Sunday, May 27, 2012

May 27, 2012 – Back from Bermuda



Claire and I have now returned from the Kick Cancer Overboard cruise to Bermuda.  Many thanks to those who contributed to the organization so we could have this opportunity!

Kick Cancer Overboard is a plucky little non-profit that’s taken on a rather unusual mission: giving away free cruises to people who have been affected by cancer.

Lest this sound to you like a frivolous mission, consider this.  When people have been through a struggle with cancer, either as patients or caregivers, often the last thing on their priority list is their own recreation and relaxation.  Cancer very often drains its victims of energy, enthusiasm, and – especially in this dysfunctional healthcare-funding system – of financial resources. Who can afford a vacation, under such circumstances?

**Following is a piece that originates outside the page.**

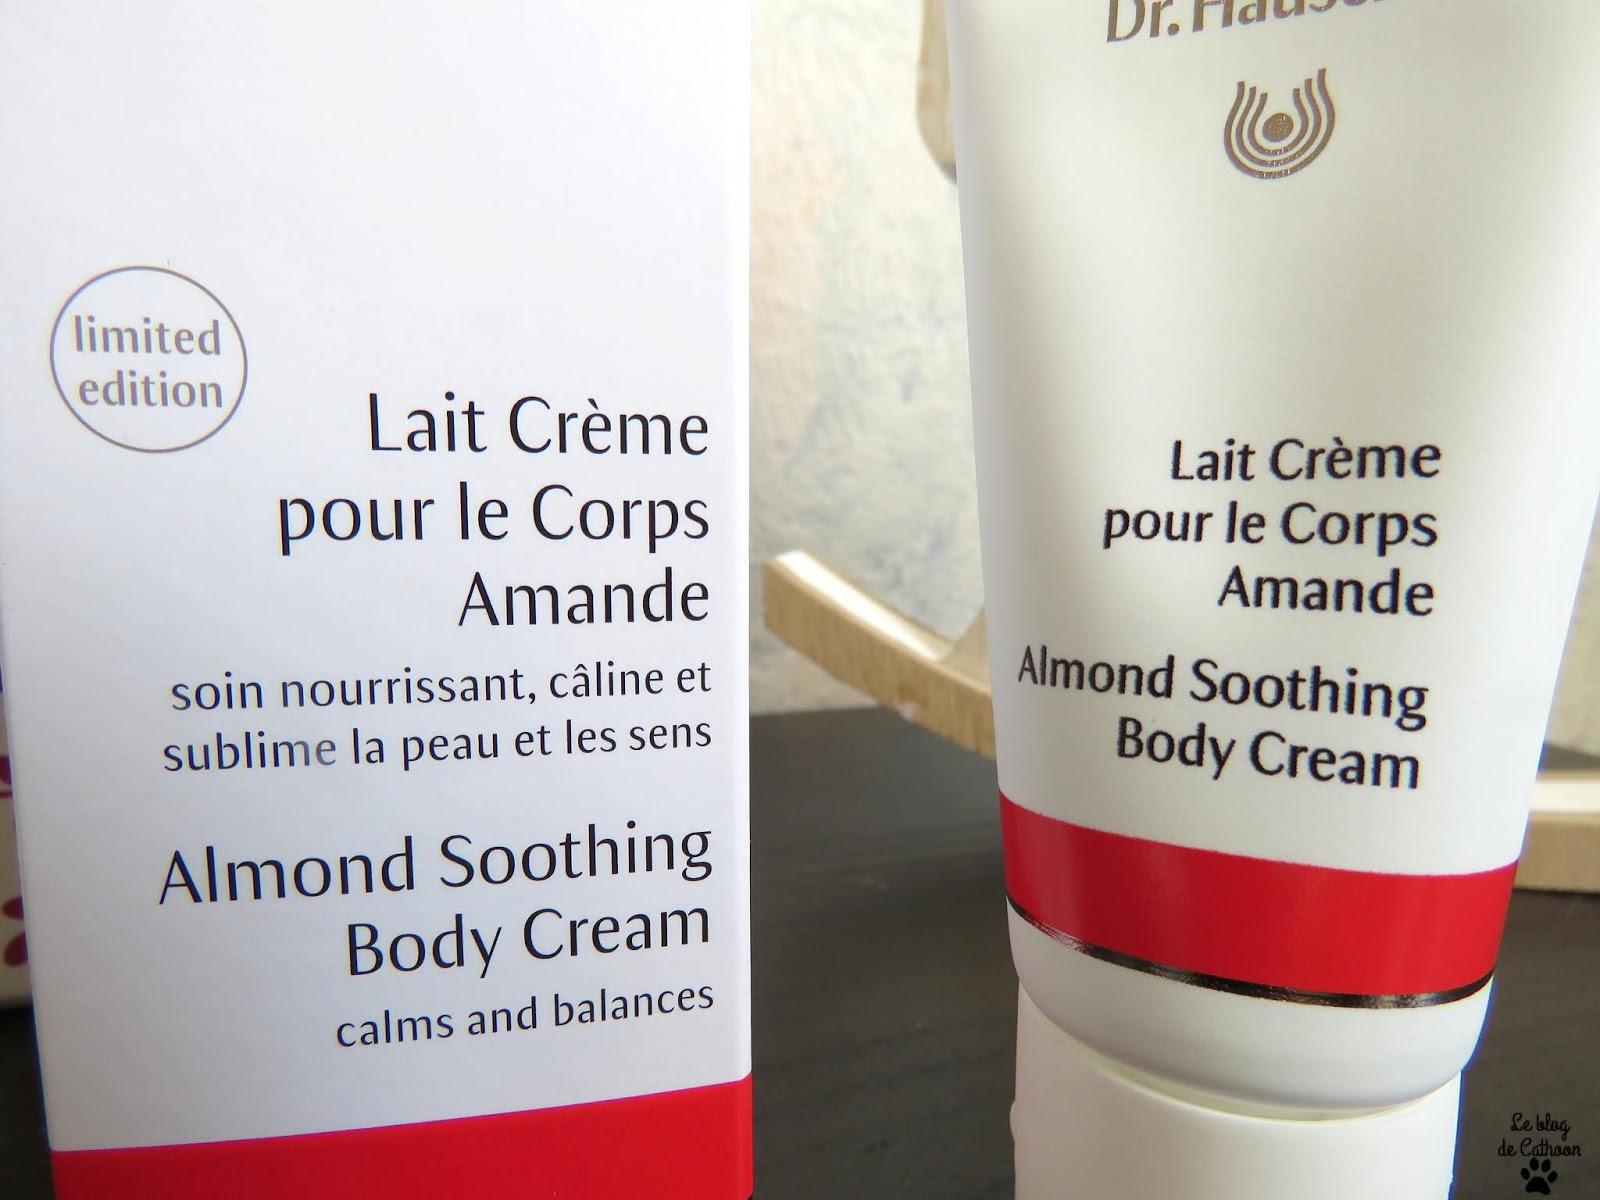 Lait Crème pour le Corps Amande - Dr Hauschka
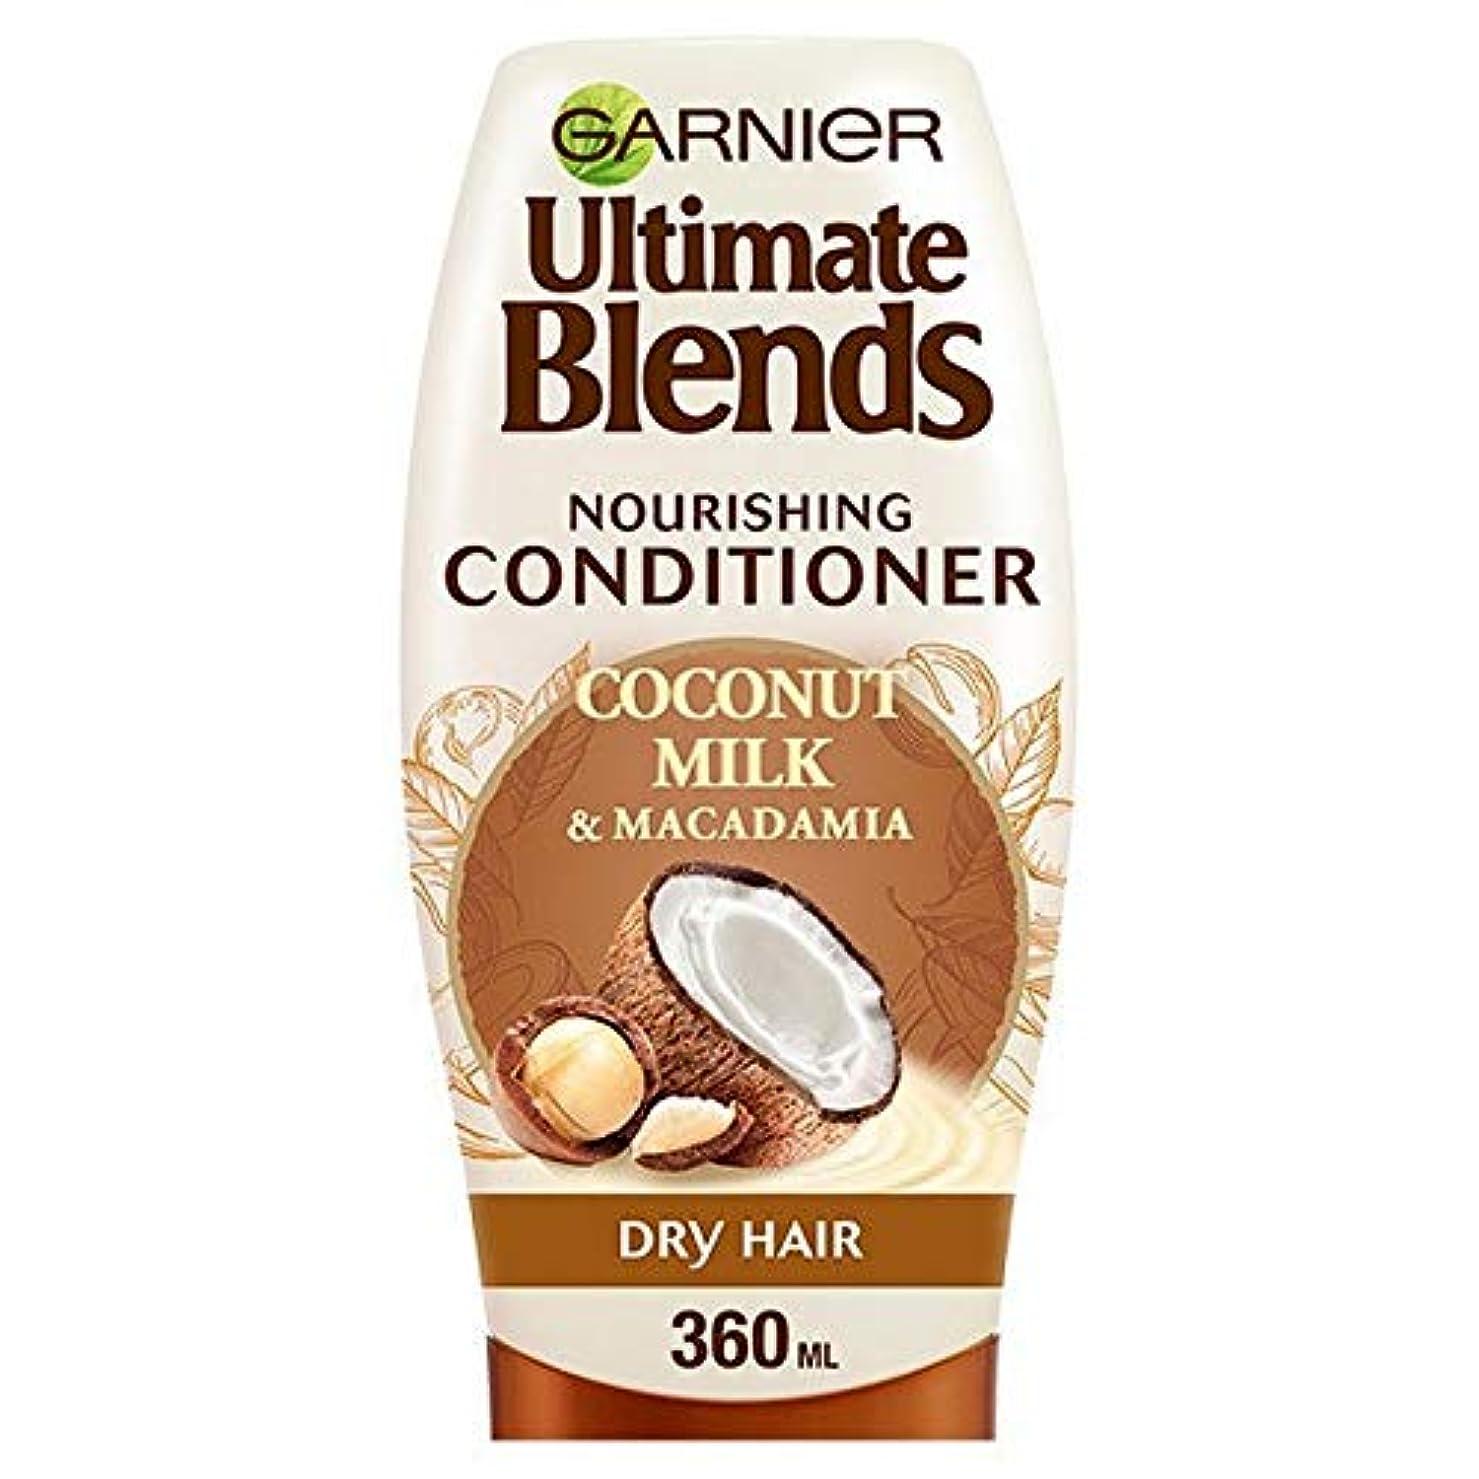 不忠回転する費用[Garnier ] 究極のブレンドココナッツミルクドライヘアコンディショナー360ミリリットル - Ultimate Blends Coconut Milk Dry Hair Conditioner 360ml [並行輸入品]

Yet, often, a vacation is just what the doctor ordered (or would have, had he or she known about Kick Cancer Overboard).

You can view a video about Kick Cancer Overboard here.

(Passing under the Verrazano Narrows Bridge, outbound.)

On the cruise, Claire and I met a young couple, just married a few days before, after she had completed surgery and chemo for breast cancer.  Their wedding was a hurried affair at City Hall – rather than the church wedding they’d planned – so she could receive much-needed healthcare benefits from his employer.  This cruise was their honeymoon: the only one they could afford, I’m sure.

We had a lengthy conversation with a woman and her twentysomething niece, both of them grieving the recent loss of their sister and mother to a rare brain cancer.  The niece, daughter of the woman who’d died, felt exhausted and drained from having been her mother’s caregiver during her final illness.  The cruise was a Godsend to them both, and a way for them to reconnect with each other after their painful experience of loss.

There were whole families on the cruise, accompanied by their young, cancer-survivor children, some of the kids still showing the hair loss and facial swelling that come from chemotherapy.

Claire and I volunteered to conduct a brief, Sunday-morning worship service in the stunning chapel on our ship, Royal Caribbean’s Explorer of the Seas.  I was pleasantly surprised by how many of the group attended, even though it was 8:30 in the morning on the first full day of the cruise.

I read the story of Jesus’ healing of the paralytic from Luke 5:17-26 – the one where the man’s friends cut a hole in the roof to lower him down to receive help from Jesus.  I spoke of how important it is to assemble a posse when we’re facing something like cancer, for these people will do whatever needs to be done so we can get the help we need.

I also spoke of how Jesus’ instruction to the man is “Take up your bed and walk.” We need to assume the role of partners in our own healing.

All in all, I was impressed by the folks behind Kick Cancer Overboard – who for this year’s cruise  managed to donate themselves, or raise corporate and service-club contributions for, something like 45 all-expense-paid trips.  Their goal, they say, is to fill an entire cruise ship!

Given their energy and commitment, I think they just may get there eventually.



Thursday, May 03, 2012

May 3, 2012 – Cancer Changes Everything...and Nothing


Saw a perceptive blog posting today on the New York Times website by Suleika Jaouad, a young woman who’s undergoing a bone-marrow transplant for leukemia.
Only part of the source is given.